NEW YORK
Standard & Poor's Ratings Services raised its opinion on WellCare Health Plans Inc. on Wednesday, saying the health insurer's performance has been good and its operations are steady.
The agency raised its counterparty credit rating for WellCare to 'B' from 'B-'. Counterparty credit ratings are S&P's opinion of a company's overall creditworthiness. The new rating is still non-investment grade, or "junk," status.
WellCare is beginning to recover from government investigations into its business.
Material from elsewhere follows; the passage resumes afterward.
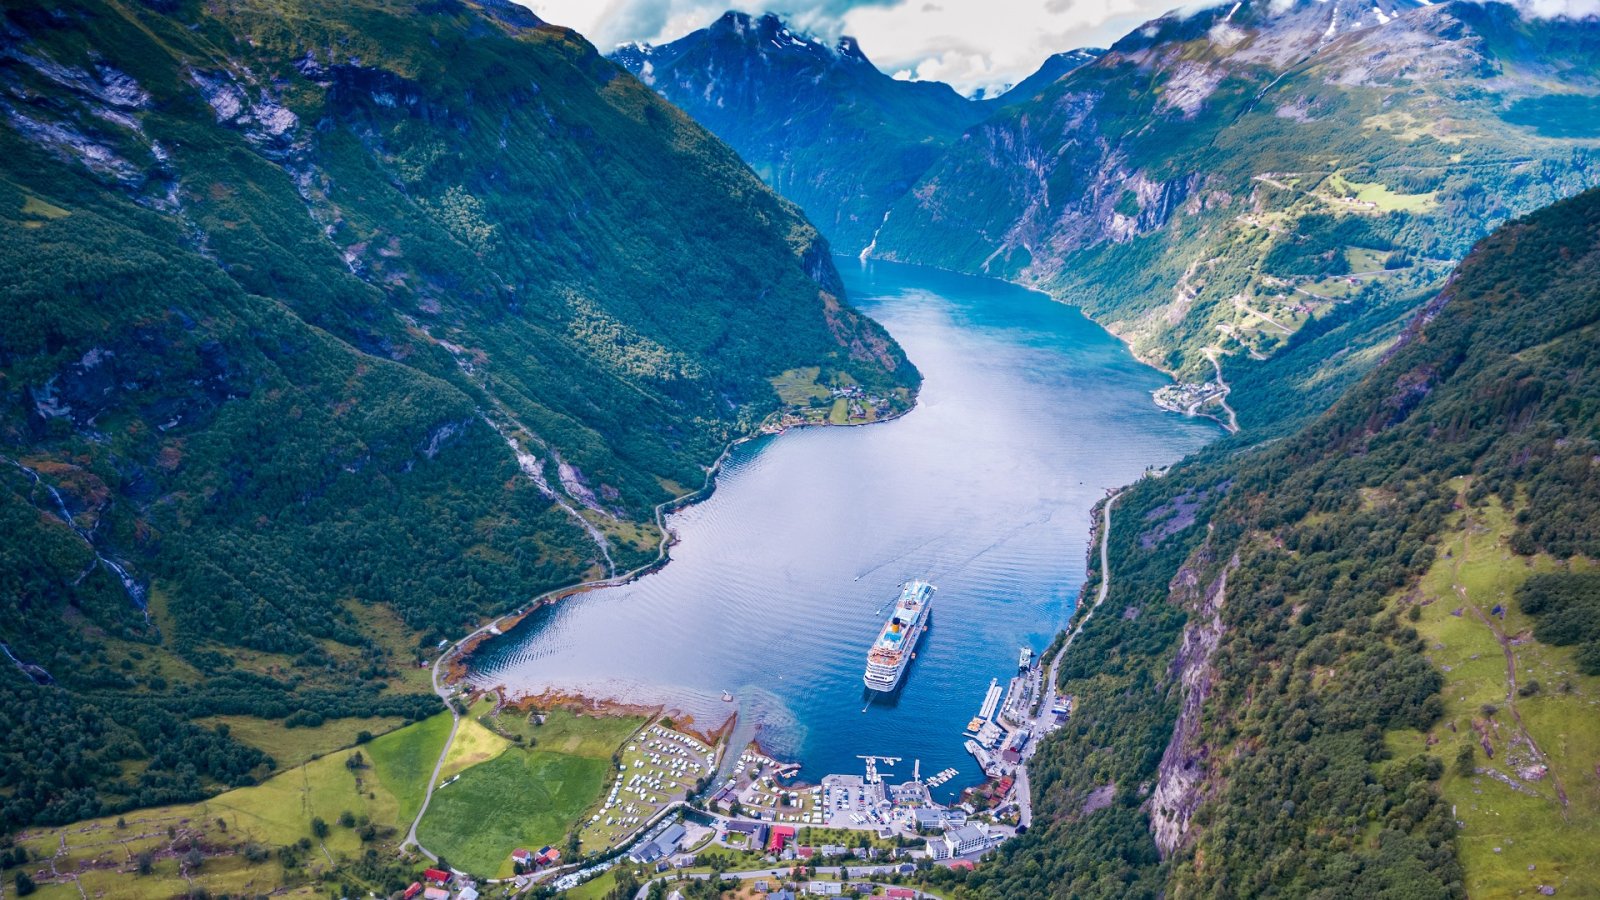 Descubra as paisagens majestosas do Fiorde Noruega, sua pitoresca porta de entrada

Last year, the company agreed to pay about $125 million to settle charges it defrauded the states of Florida and Illinois and overstated its profits from 2004 and 2007. With the investigations settled, WellCare was allowed to start marketing Medicare programs again.
The company's CEO Todd Farha and CFO Paul Behrens resigned in early 2008, shortly after the government raided WellCare's headquarters and the investigation became public.
"Under its new senior management team, WellCare has produced good operating performance, sustained its market presence, and expanded its operating scale through some challenges in 2008 and 2009," said Standard & Poor's analyst Hema Singh.
Singh said WellCare's pretax profit grew significantly in 2009, and because the company has no outstanding debt, it has good access to cash and financial flexibility. Singh maintained a positive outlook on WellCare, meaning further upgrades are possible.
The Tampa, Fla., company's current rating is five notches into "junk" status.
WellCare's stock rose 11 cents to $62.05 after-hours. The shares fell 3 cents to close regular trading at $61.94.